You would think that a catastrophic historic phenomenon wherein the eruption of a volcano caused a drastic shift in global temperatures for an entire year would be at least somewhat well known. But speaking for myself, I only learned about the “Year without a Summer”—in which the record-breaking 1815 eruption of Indonesia’s Mount Tambora caused severe climate change and freezing temperatures throughout 1816, leading to the even more evocative nickname “Eighteen Hundred and Froze to Death”—just over a year ago, while researching this post on the Panic of 1819. But whether we remember it now or not, this global catastrophe had drastic effects throughout the world in 1816, including a number of important ones in the United States (along with the arc that culminated in the aforementioned 1819 panic): from the failure of corn crops throughout New England to the mass migrations to the Midwest that led to statehood for Indiana (in 1816) and Illinois (in 1818) to the eventual founding of the Mormon Church (as Joseph Smith’s family were one of countless residents who left Vermont farms during this year, in their case moving to the community of Palmyra, NY that would be so foundational in his personal and spiritual journey).

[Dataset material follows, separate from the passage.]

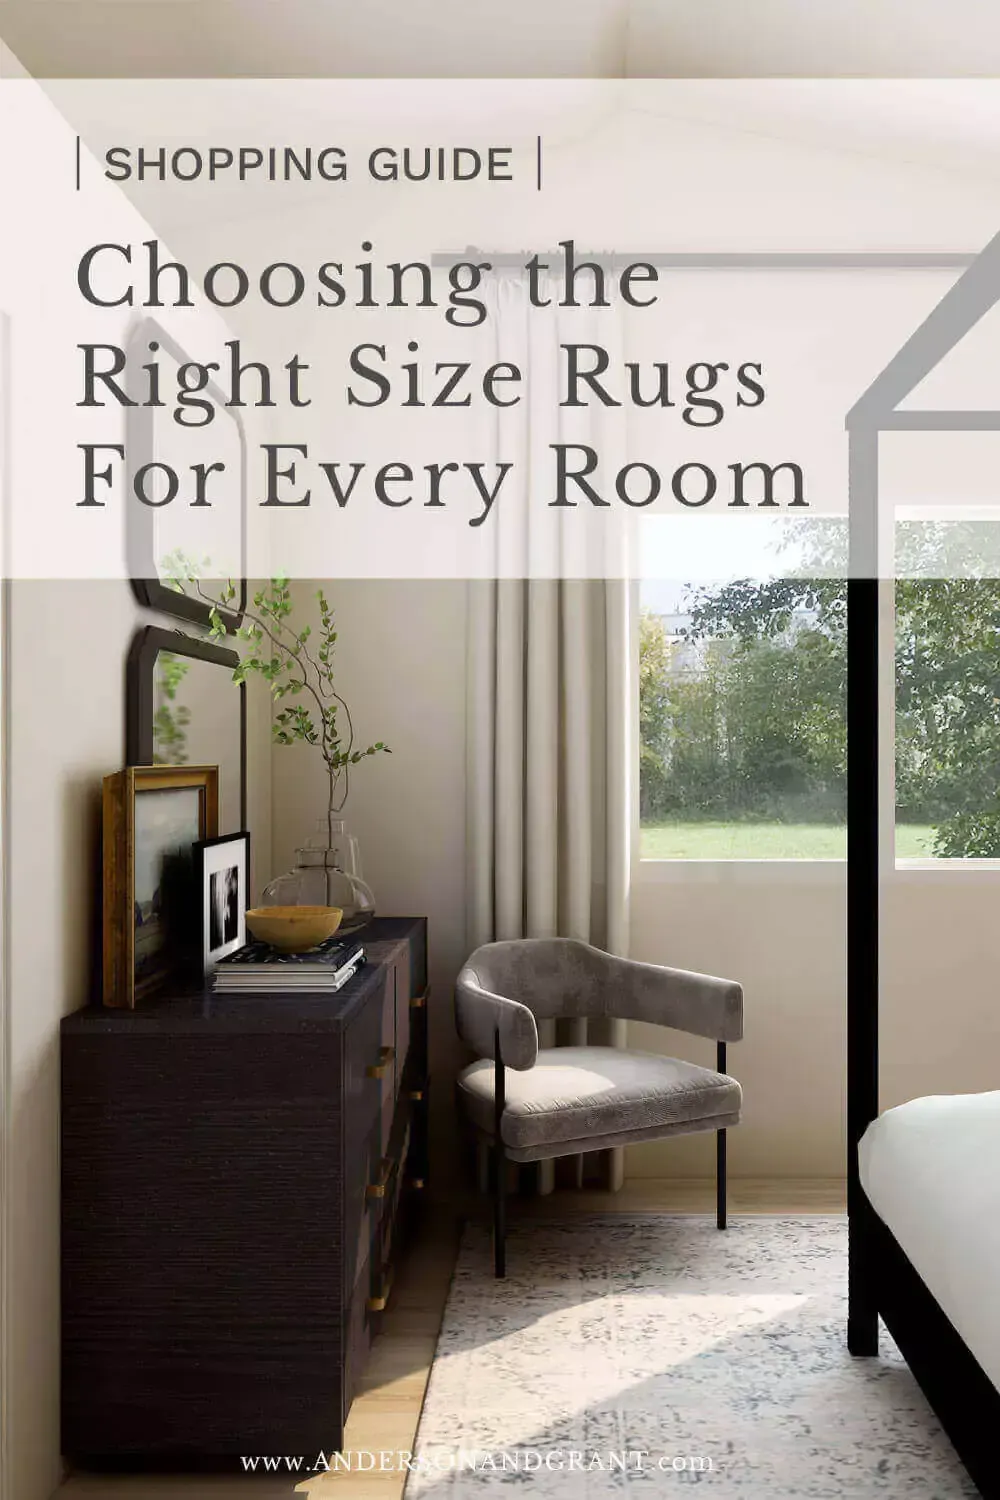 Choosing the Right Size Rugs for Every Room

It’s hard to imagine that any other 1816 story could be as significant as that global and catastrophic one, but of course the year featured many other American events, including ones that likewise influenced ongoing histories and trends. A number of them reflected the complicated, evolving Early Republic relationship between the US government and Native American nations. For the first few decades after the Constitution, the federal government dealt with native nations in individual and distinct ways, treating them as the unique communities they were, and 1816 saw an exemplary (if as ever fraught) such moment: the August signing of the Treaty of St. Louis between the US government and the nations within the Three Fires Confederacy (the Chippewa, Ottawa, and Potawatomi). Yet another 1816 treaty foreshadowed the drastic and tragic change in these US-native relationships: on March 22 the federal government signed a treaty with the Cherokee, agreeing to return land that had been illegally seized as part of an 1814 conflict between the US and the Creek nation; but General Andrew Jackson, who had been involved in that 1814 war, refused to honor the treaty, a blatant step toward his eventual, exclusionary presidential policy of Indian Removal.

Jackson would not be elected president until 1828, but 1816 saw its own influential presidential election (as has every American Leap Year since 1788). In that contest, James Monroe, who had been serving as Secretary of State in the administration of his fellow Virginian founder James Madison, received the Democratic-Republican nomination and handily bested the Federalist nominee, New York Senator (and also a Constitution signer) Rufus King. The size of Monroe’s victory was due in part to a splintering and disappearing Federalist Party: King would be the party’s last presidential nominee, and for the next few years the US had only one national political party, leading to the nickname “The Era of Good Feelings.” As I wrote in that hyperlinked post, there were of course tensions and divisions beneath that seeming unity, and many of them would coalesce ahead of Jackson’s 1828 election. Yet for at least a decade, the United States became a one-party system, another striking legacy of this important Leap Year.

Next leap year studying tomorrow,


PS. Thoughts on this year or other leap years that stand out to you?